Wondering how CI tests have been passing all this while

Put a 3 day old fire off on our CI env today and had to blog about it.

TLDR: Use SA_PASSWORD instead of MSSQL_SA_PASSWORD on the MSSQL docker image.

We use Azure Pipelines to run tests among other things. But the test setup for one particular repo is special because they run in self-hosted agents that reside in an Azure Kubernetes cluster. It's got external dependencies setup including SQL Server.

Everything's been working fine until recently, when we started seeing this:

One or more errors occurred. (A network-related or instance-specific error occurred while establishing a connection to SQL Server. The server was not found or was not accessible. Verify that the instance name is correct and that SQL Server is configured to allow remote connections. (provider: TCP Provider, error: 40 - Could not open a connection to SQL Server))

Something we weren't expecting. I spent at least 8 hours over 3 days (I had other things on my plate unfortunately) and finally figured it had to do with the MS SQL password environment variable when I checked its DockerHub page: it had to be SA_PASSWORD, not MSSQL_SA_PASSWORD.

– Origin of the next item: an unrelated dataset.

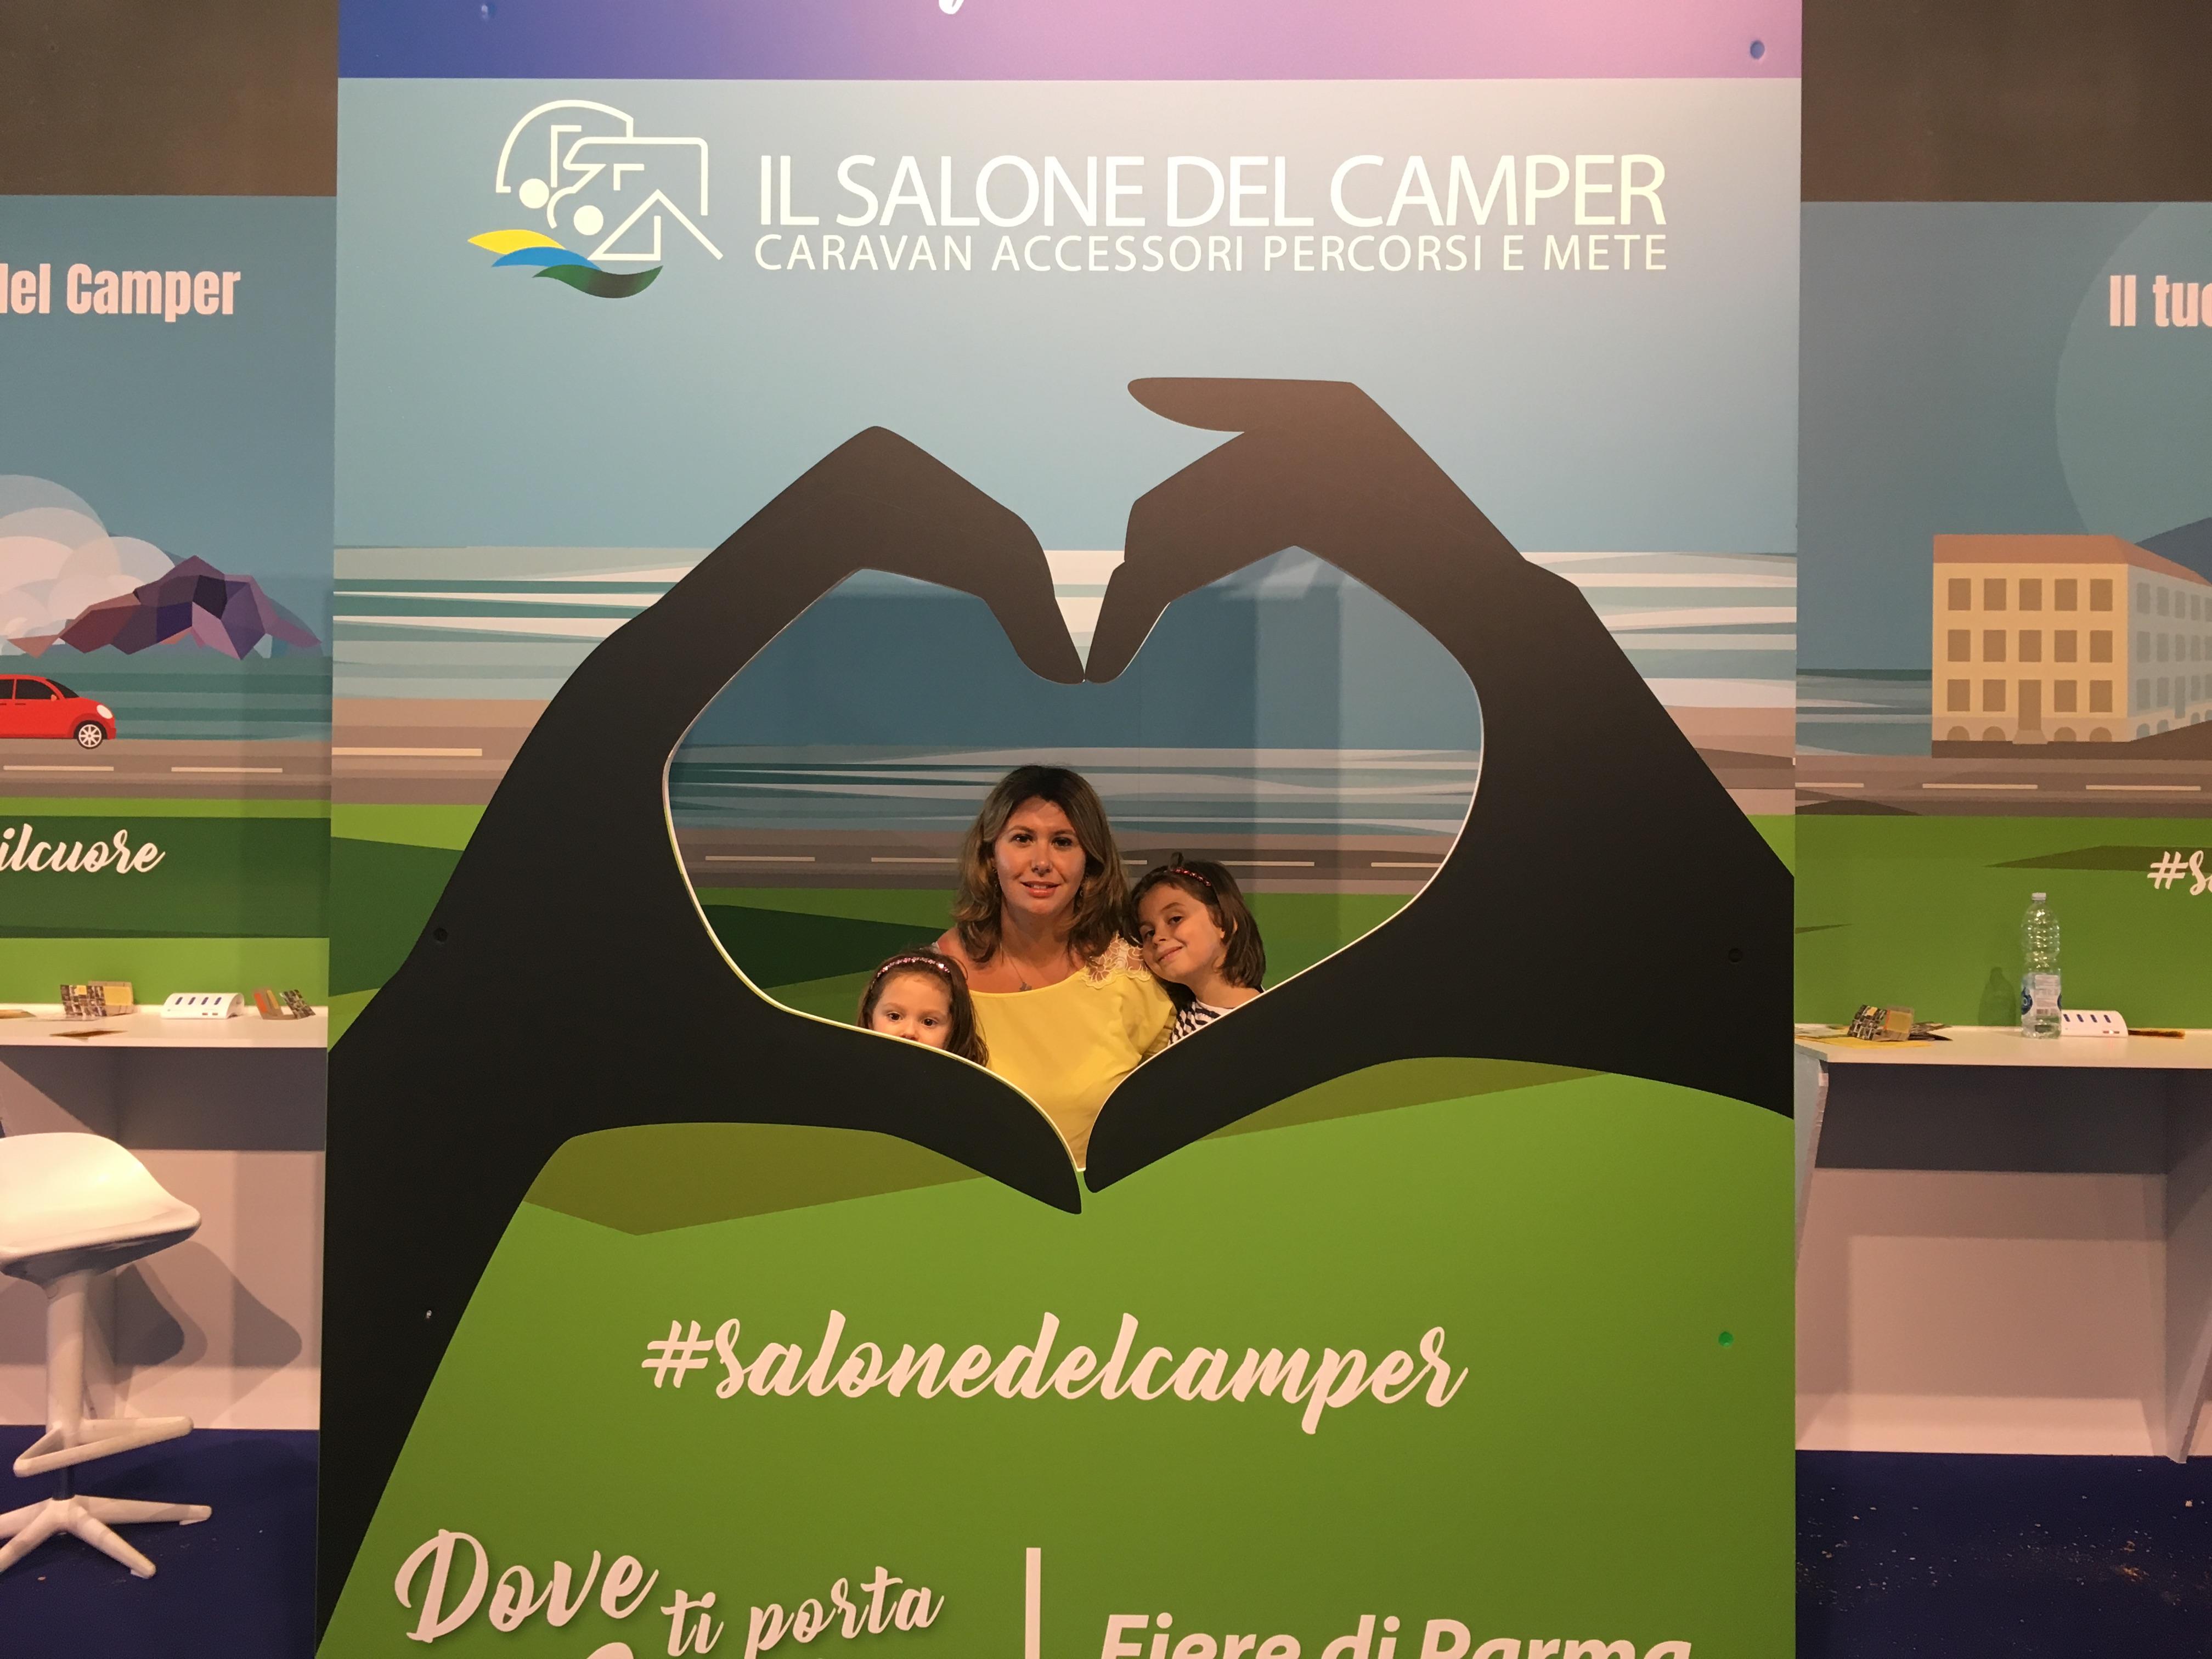 Fiera del Camper Parma MammaInViaggio
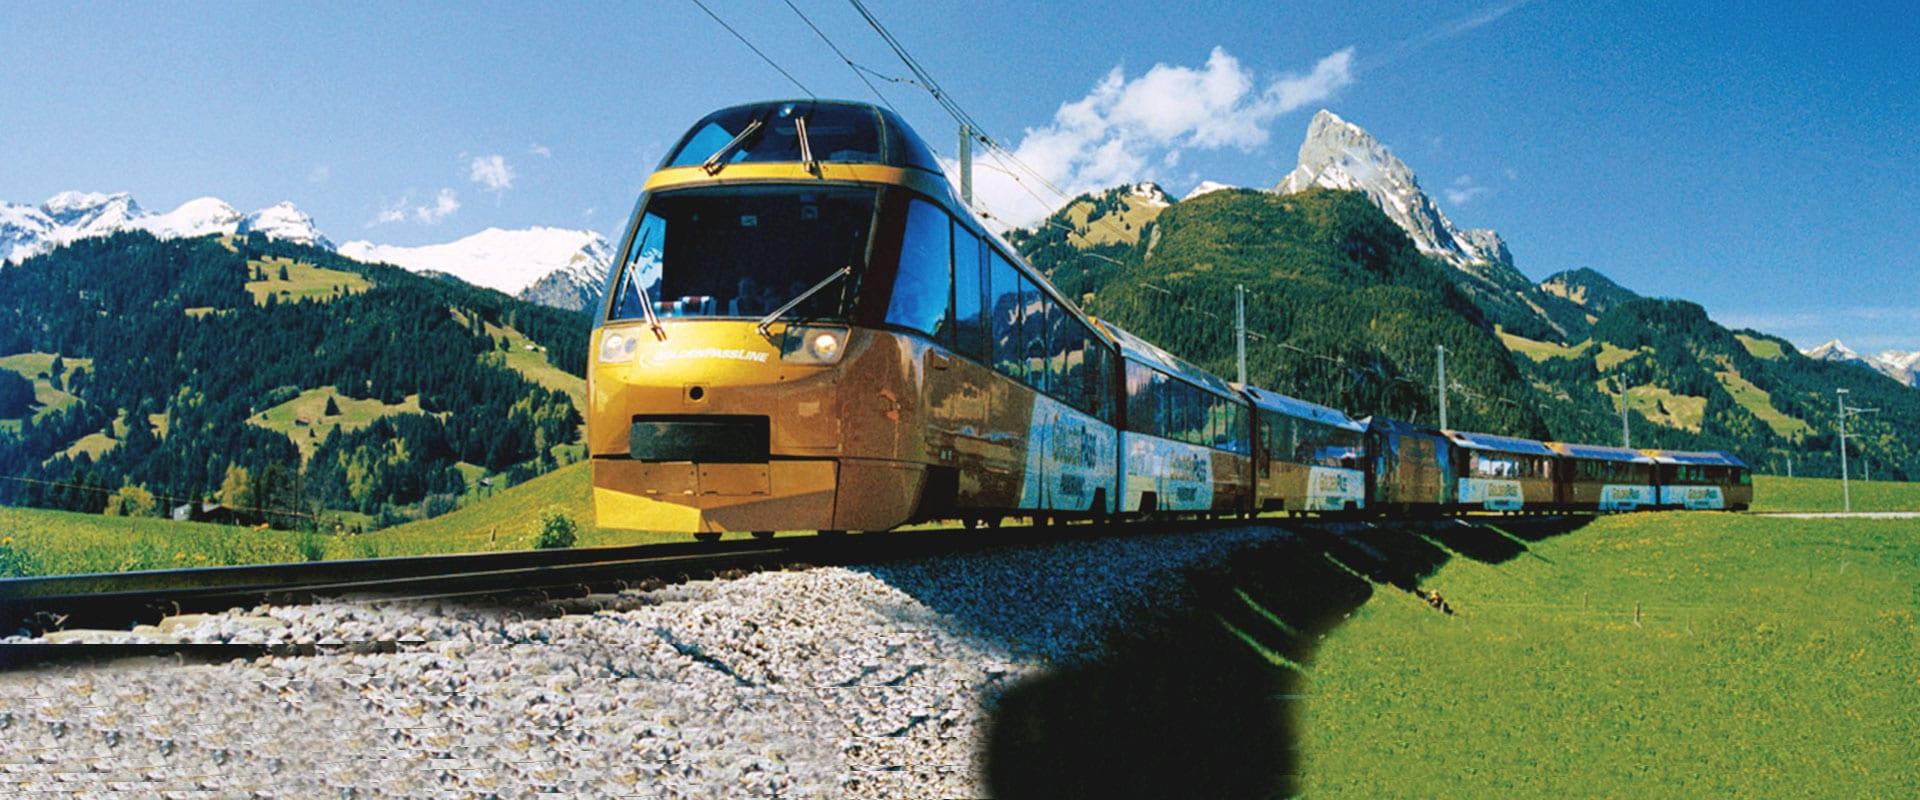 Trem de Interlaken para Lucerna

I still fail to understand why it worked until Friday–but hey at least its working now.

CI began to fail on Friday on a PR after I merged master into it. I could put no time into it on Monday, and realized it was happening on other PRs too on Tuesday. Took me until Wednesday (today) evening to get the CI fixed. (I was lucky nothing was had to be merged into master urgently during this time.)

Thankfully, I moved the setup from terraform provisioned VMs to AKS about two months back–made it easier to spot and fix the issue.

But this really got me thinking about how I've been prioritizing tasks at work, and if I've really gotten it right.